As you may know, we ordained a Priest and a Deacon to the Church. Fr. Mathew Dunn and Deacon Taylor Sanford. I encourage you to pray for them as they begin their ministry. I wasn’t able to attend the ordination because of the COVID restrictions. However, I did watch it on TV with Fr. Al. The Bishop presided and gave the homily, and to begin his homily; he brought up what happened during the rehearsal. Tom Ranzino said, now remember where you are now and remember how you got from there to here. The Bishop took that phrase and used it another way a more profound reflective way. Remember how you got here, not just physically here as you walked up here, instead, how your life journey brought you to this point! Sitting in the rectory watching the ordination Mass, it called to mind my journey to where I am now. How did I get to this point, preaching here at St. Joseph, the worker. My journey, as I may have shared with you before, took a couple of detours along the way and some unexpected turns. However, something that I know never changed for me was that God’s love was always with me, helping me to become who I am today, and he will continue to be with me as I go forward in the priesthood!
St. Paul gives us some encouraging words in the second reading that we just heard. We may have heard them before at funerals. What can separate us from the love of Christ Jesus? The answer is nothing; nothing can separate us from the love of God. Paul will go on to mention many things that will try and separate us from the love of God and reassure us that none of these things will separate us from his love! These words are comforting to us at funerals because it reminds us that even though someone has died, nothing will separate that person from God’s love. I try and always assure people during a funeral that God wants nothing less than to bring us to Jesus in heaven.

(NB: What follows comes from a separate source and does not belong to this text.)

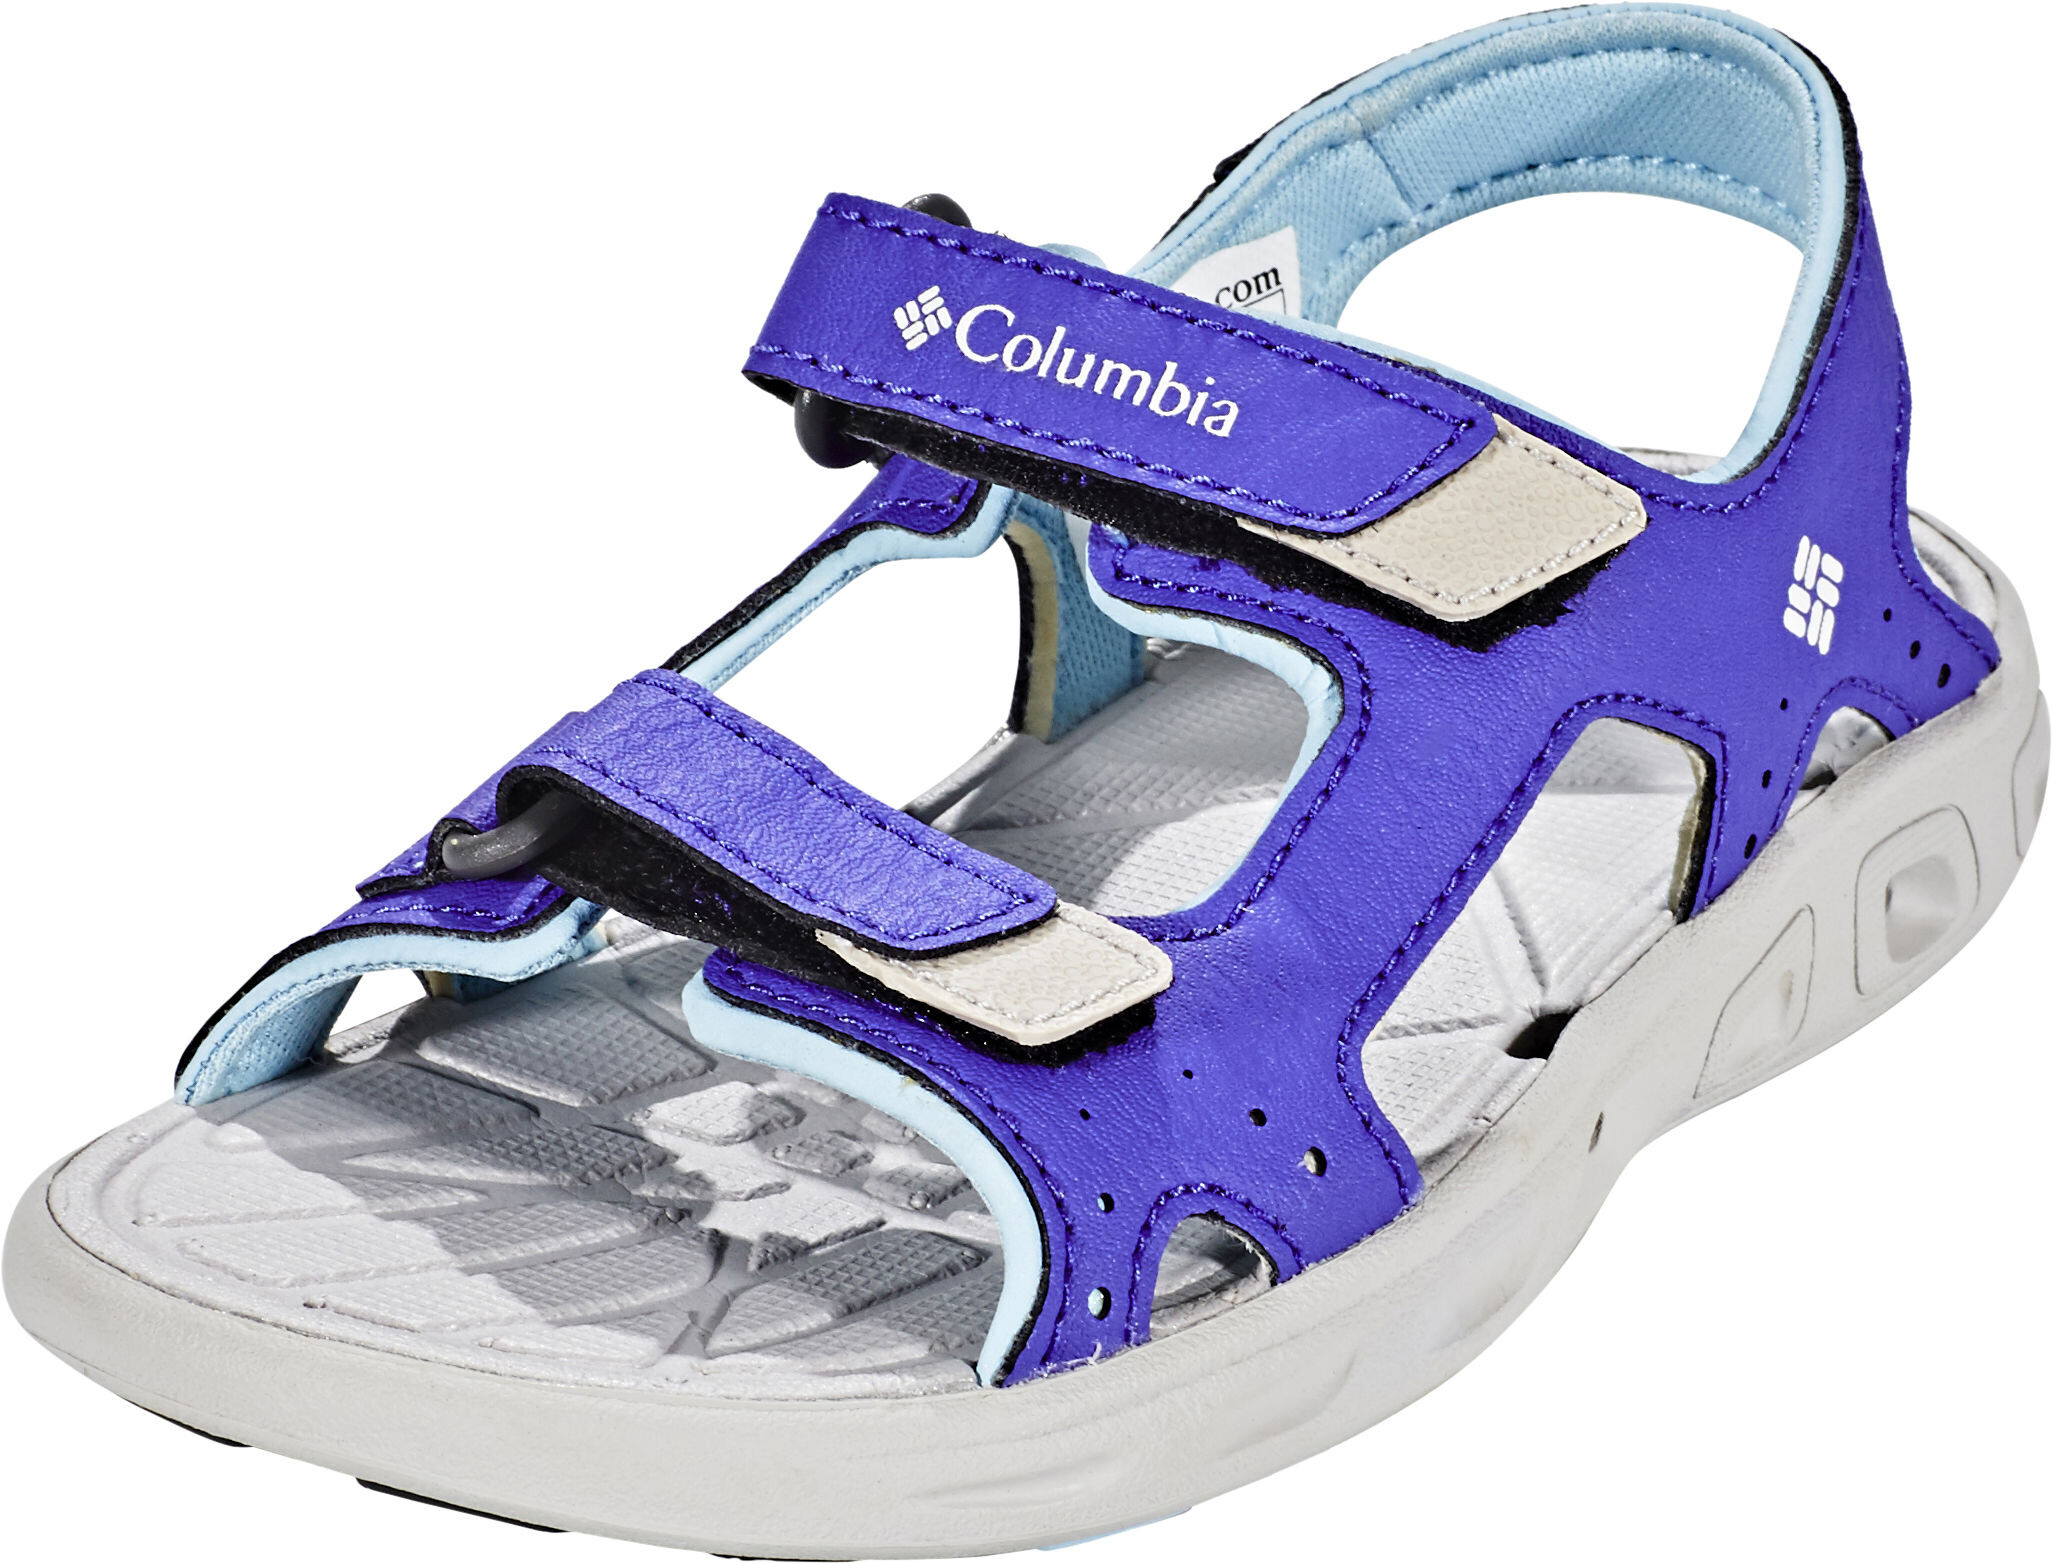 Columbia Techsun Vent Schuhe Kinder lila

I don’t think this passage is only suitable for funerals but can be reassuring to our lives every day. Our experience can be chaotic at times, and life can take unexpected twists and turns. If someone told me that in my first year of priesthood, we would have to socially distance, wear masks everywhere, we go and sanitize the Church after every Mass I probably would say you are crazy. Yet here we are dealing with this pandemic. I would have said the same thing to someone who told me my ordination would be delayed twice. The beauty is that no matter how crazy the world seems, no matter how much our lives may change, one thing is always consistent. Jesus’ love for us remains the same, and nothing can separate us from that love!
How can we live out our lives with this knowledge and keep our eyes on the love Jesus has for us? One way we can find time in prayer with him to build our relationships with him. As you may know, we have adoration here at Church 5 days a week. Our adoration chapel is closed right now, but we expose the blessed sacrament, before Mass Saturday, Tuesday and Thursday, and after Mass on Monday and Friday. If you can’t make adoration, find a place in your homes for prayer and find ways to remind yourself of Jesus’ love for you. We also have the most excellent guide and help for our lives right here at Mass. Receiving the body and blood of Jesus in the Eucharist helps keep us close to him and remind us of his love.
The Bishop today encouraged us to remember how we got here. What I, too, hope to remember is that God’s love was always with me even as my life took a couple of detours to where I am today. Take peace and courage in the words of St. Paul. What can separate us from the love of God? No external power will ever separate us from his love. Even when our lives seem difficult, God is always there with us.